The Inventor: Out for Blood In Silicon Valley

One of the films to premiere at the 2019 Sundance Film Festival chronicles Elizabeth Holmes, the criminally-charged founder of the now-defunct biotech startup Theranos, Inc. The Inventor: Out for Blood in Silicon Valley highlights the world’s youngest self-made billionaire and the psychology of fraud.

The 119-minute film is summarized by Sundance.org:

Elizabeth Holmes arrived in Silicon Valley with a revolutionary medical invention. She called it “the Edison”: a small, hyper-sophisticated black box that performed 200 tests in minutes, all from a single drop of blood. Needles, laboratories, and the select few companies that controlled them would become instantly obsolete. Like Mark Zuckerberg, Steve Jobs, and Thomas Edison himself, Holmes intended to tear down and revolutionize an entire industry.

The hitch? All of it was a lie. The system was a hoax. And what began as one of 2014’s hottest tech companies—valued at nine billion dollars—dissolved into a fraudulent, bankrupt scheme that exposed Silicon Valley’s underbelly.

A still from "The Inventor: Out For Blood in Silicon Valley" by Alex Gibney, an official selection of the Documentary Premieres program at the 2019 Sundance Film Festival. Courtesy of Sundance Institute | photo by Drew Kelly
Former headquarters of failed biotech startup, Theranos, Inc.
The former headquarters of Theranos, Inc. in Palo Alto, CA

At 19 years old, after dropping out of the School of Chemical Engineering at Stanford University, Holmes used her tuition money to start Theranos in 2003. Her lofty goal seemingly to change the entire lab industry. The Silicon Valley start-up promised to revolutionize laboratory testing.

At its height, Theranos, headquartered in Palo Alto, California, had more than 800 employees and laboratories in Newark, California and Scottsdale, Arizona.
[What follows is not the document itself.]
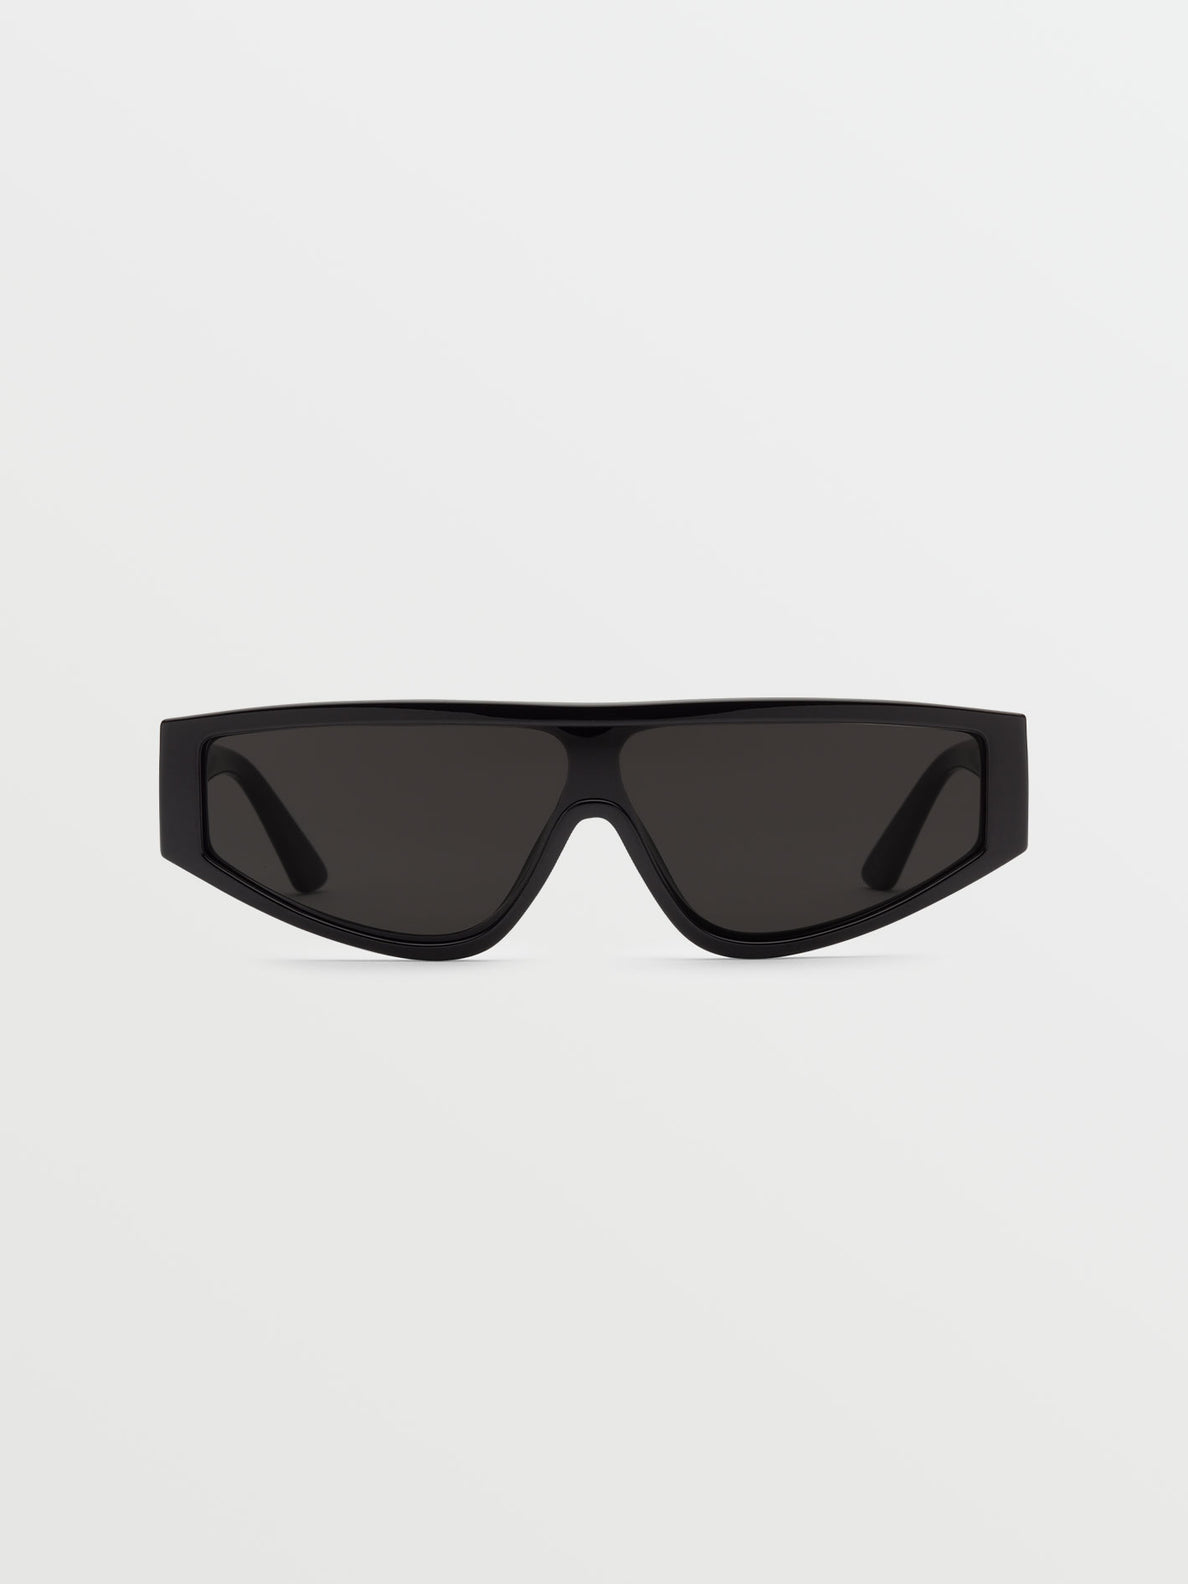 Vinyl Glaze Gloss Black Sunglasses (Gray Lens) - BLACK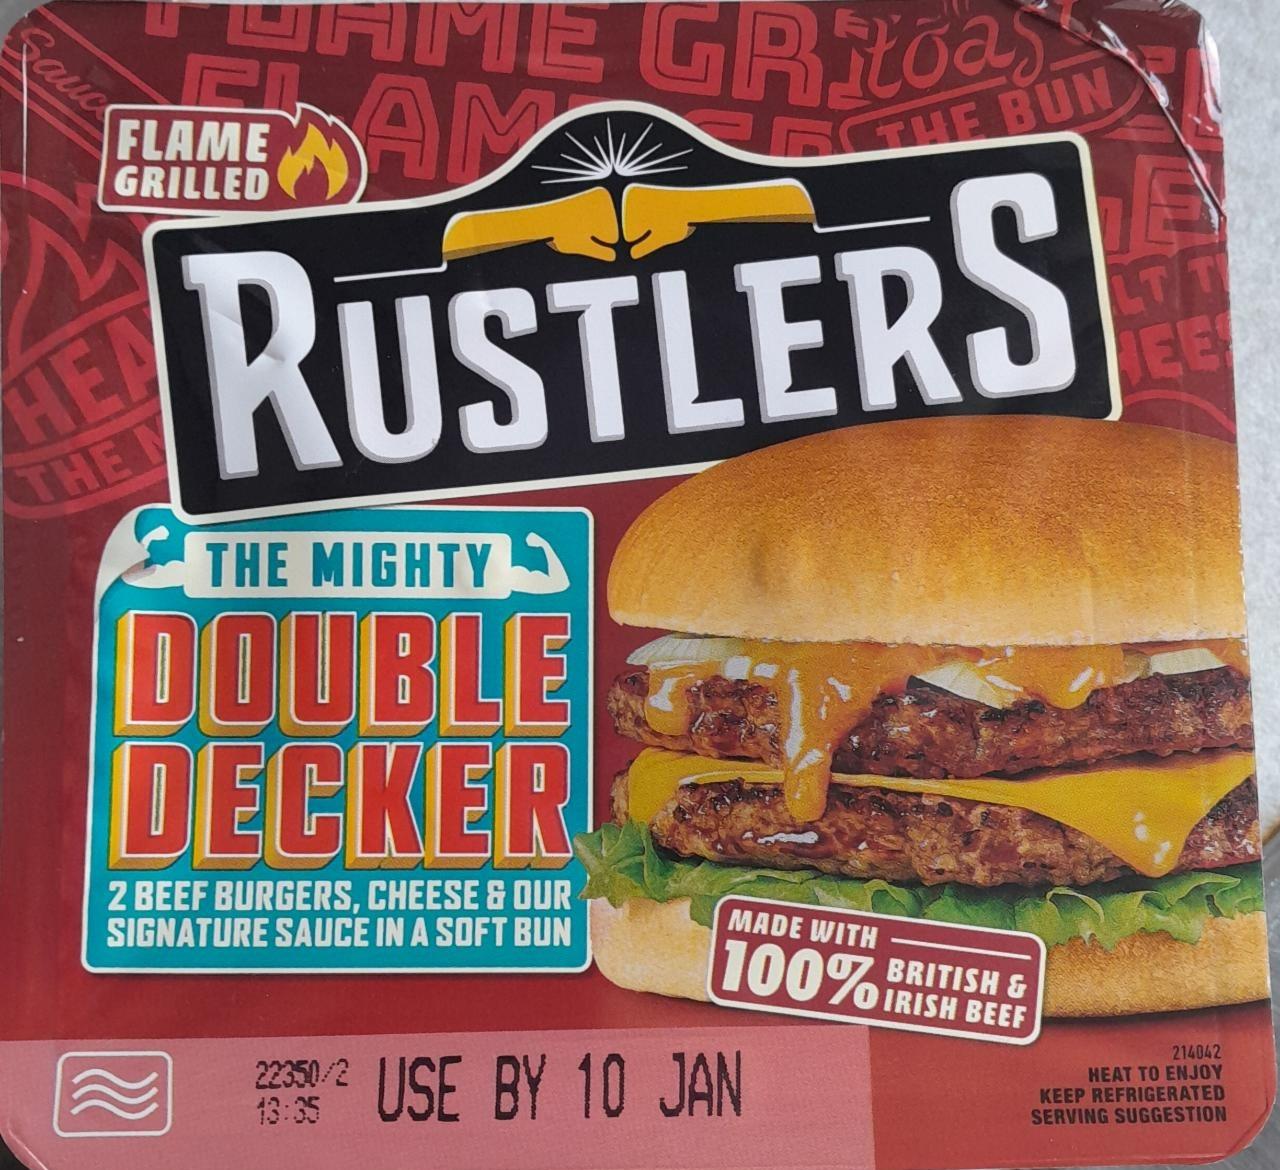 Fotografie - Double decker beef burgers Rustlers

The biotech company garnered nearly one billion dollars in venture capital funding from several high-profile investors and was at one point valued more than ten billion dollars.

In 2014 Forbes named Holmes one of the richest women in America. Two years later Forbes revised its estimate of Holmes’ net worth from $4.5 billion to $0.

What happened? It all came crashing down after being exposed as fraudulent, deceptive, and deceitful.

An investigation by John Carreyrou, the two-time Pulitzer Prize-winning investigative journalist with the Wall Street Journal, exposed Theranos by raising serious concerns about whether the company’s biotechnology actually worked. His front-page exposé was published in 2015.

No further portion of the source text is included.